Germans oppose escalating war

Nearly 80 percent of Germans oppose Berlin’s plans to hike the number of troops in Afghanistan, according to a poll released Wednesday on the eve of a major international conference.

Four out of five Germans said they disagreed with a stronger military role for Berlin in Afghanistan, the survey by the independent polling institute Forsa indicated.

The survey revealed very shallow support for the Afghan mission. “When asked whether they personally supported the German soldiers’ deployment, nearly half (49 percent) said no,” Forsa said.

Daily Times, Pakistan, 28/1/10

Afghan tribe signs pact to oppose Taliban

An eastern Afghan tribe has signed a pact to keep the Taliban out of their lands, pledging to burn down the houses of those who shelter insurgents and force them to pay fines high as $20,000.

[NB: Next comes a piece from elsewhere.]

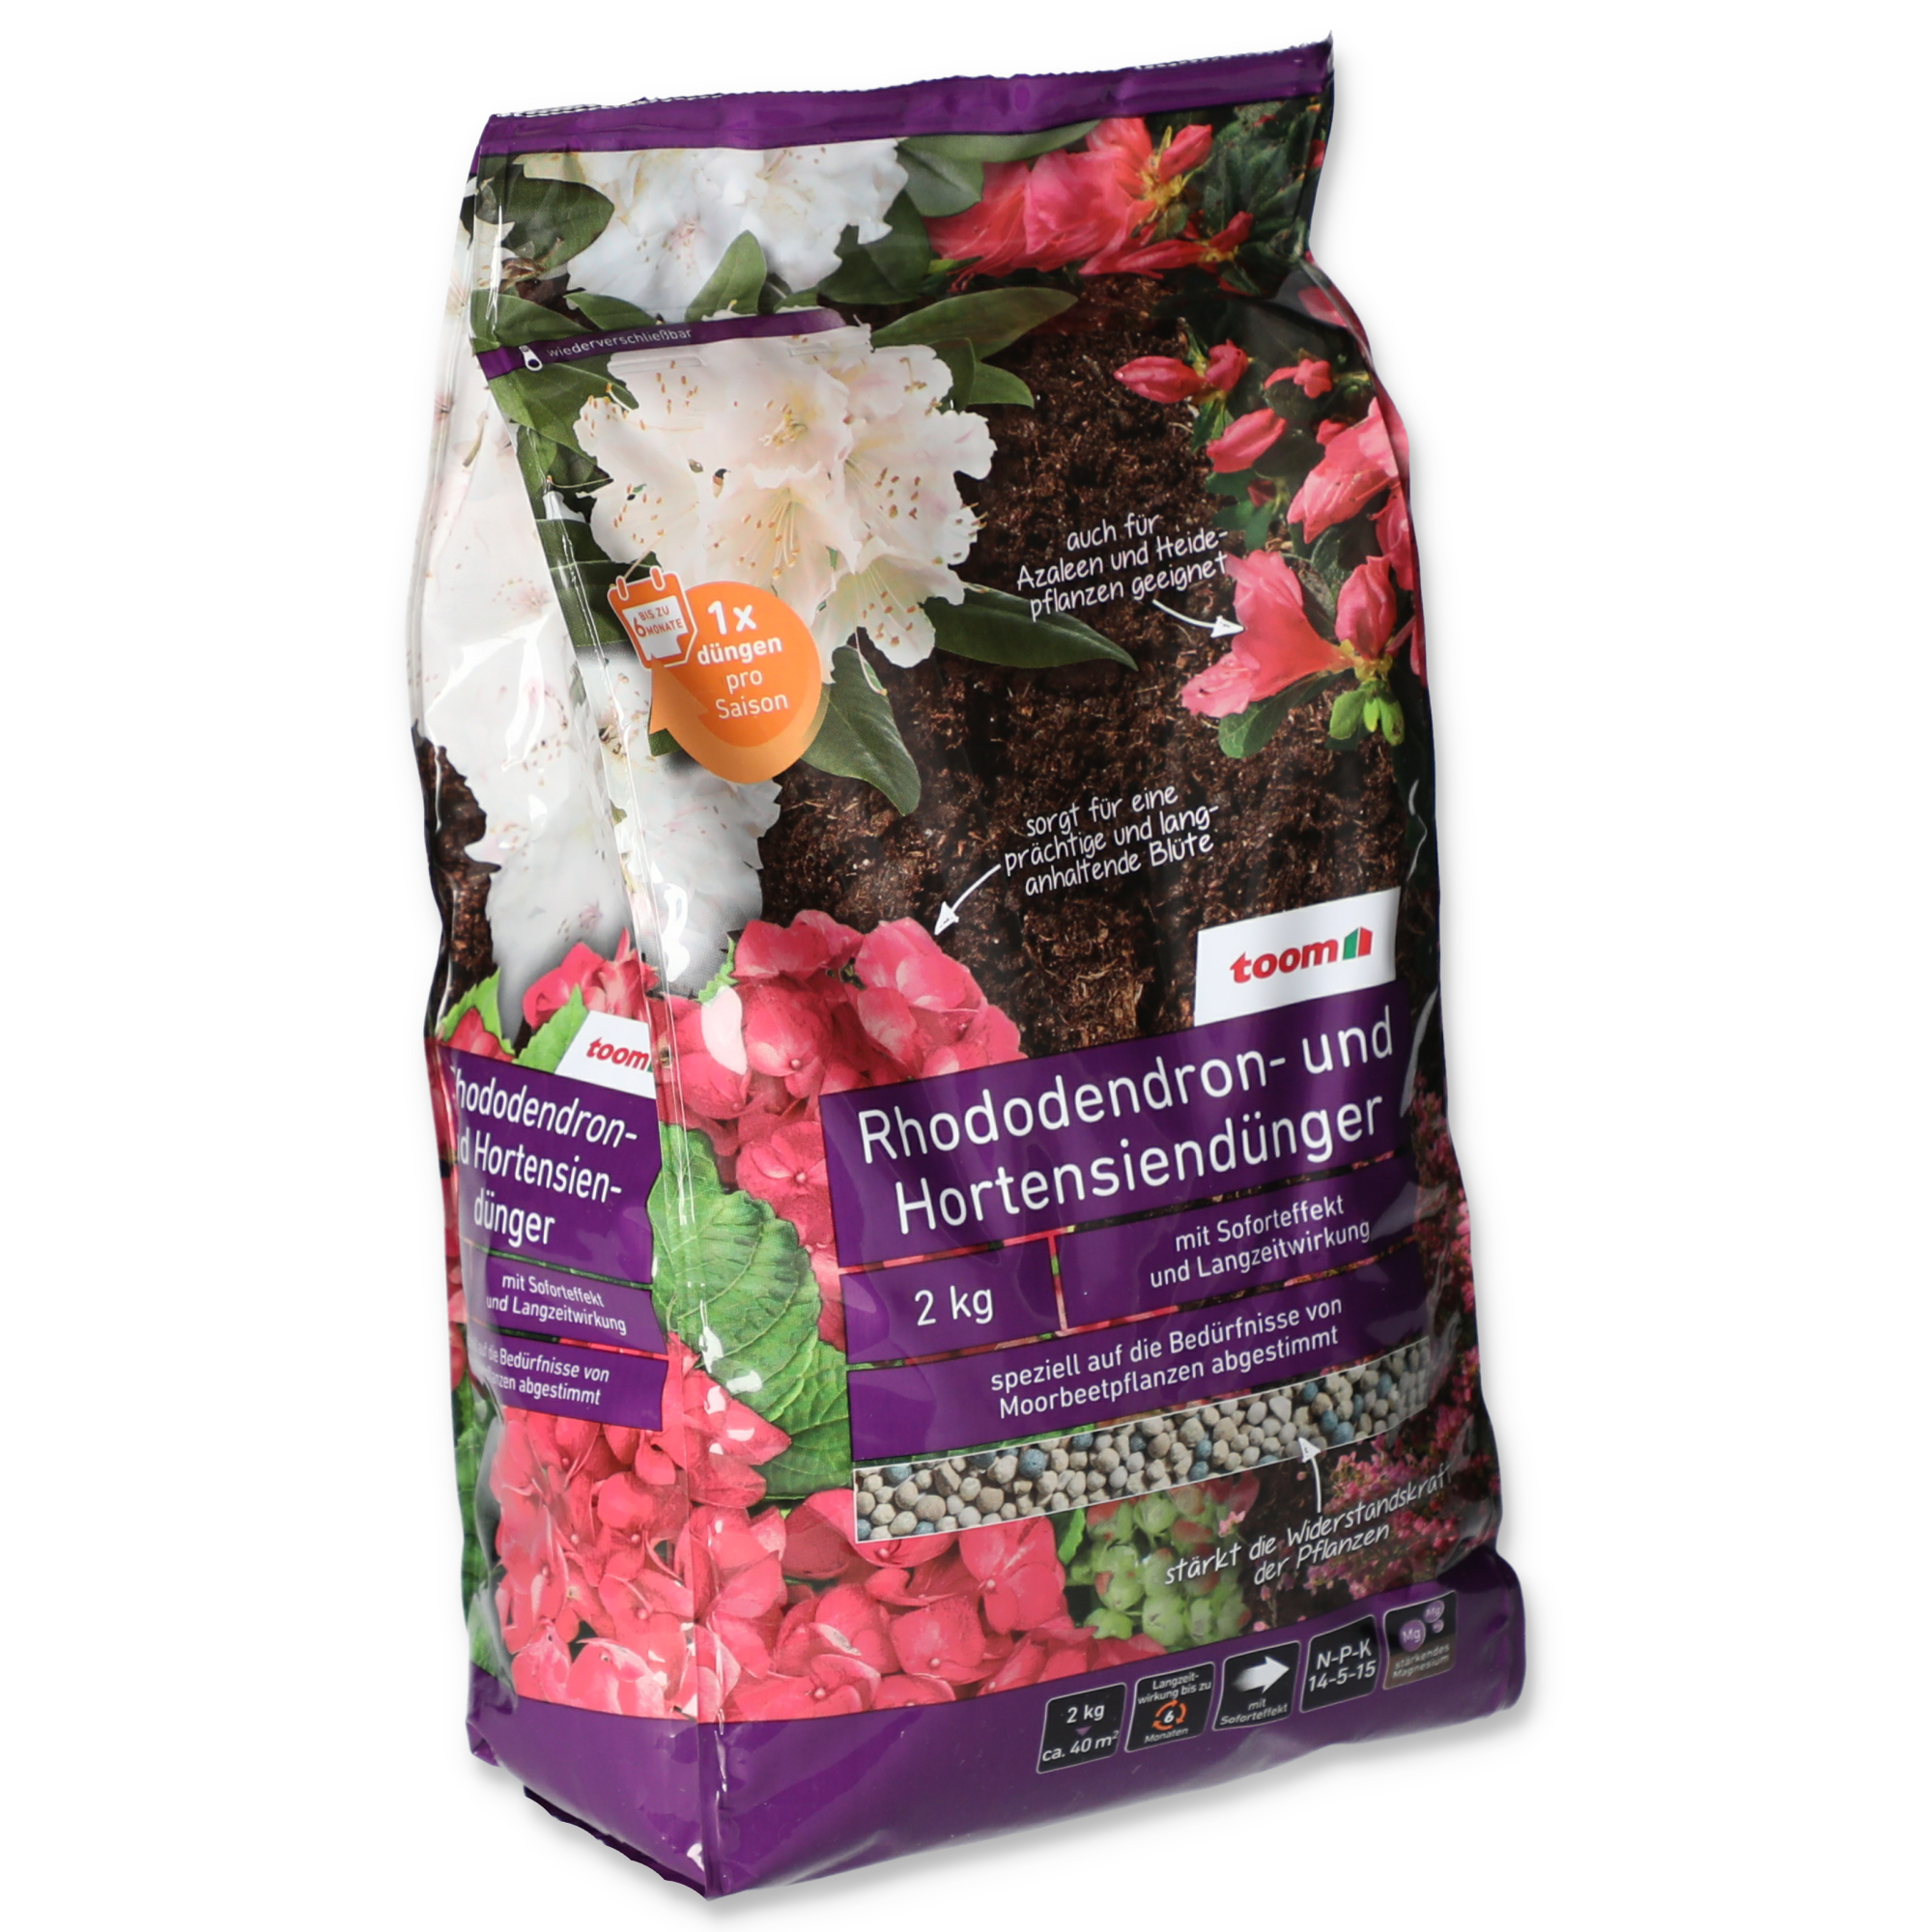 Rhododendron- und Hortensiendünger 2 kg + product picture

U.S. military officials Wednesday welcomed the decision by the Shinwari tribe with a pledge of $1 million for a tribal fund and $200,000 in jobs programs. But they acknowledged that the tribe was uniquely positioned to defy the Taliban with its sizable militia and a history of unity against outsiders.

The Shinwari, which dominate five districts of about 600,000 people in Nangarhar province, agreed in the document signed by 170 elders to stand unified against the Taliban.

Tribal leaders said the agreement was borne as much out of frustration with the Afghan government as the desire to keep out militants.

The agreement affirms that the tribe "recognizes that the Afghan government supports their cause." But it adds that "defensive preparations have to be taken" in case of a fallout with the government.

"We can't go to the government for anything," said Malik Niyaz, the white-bearded head of one of the most powerful of the tribe's 12 subgroups. He said his people are used to defending themselves.

Canadian Press, 28/1/10

NATO agrees Kazakhstan transit deal

NATO and Kazakhstan completed an agreement Wednesday that will permit NATO allies to ship cargo through Kazakh territory to Afghanistan, providing an important alternative to vulnerable routes elsewhere.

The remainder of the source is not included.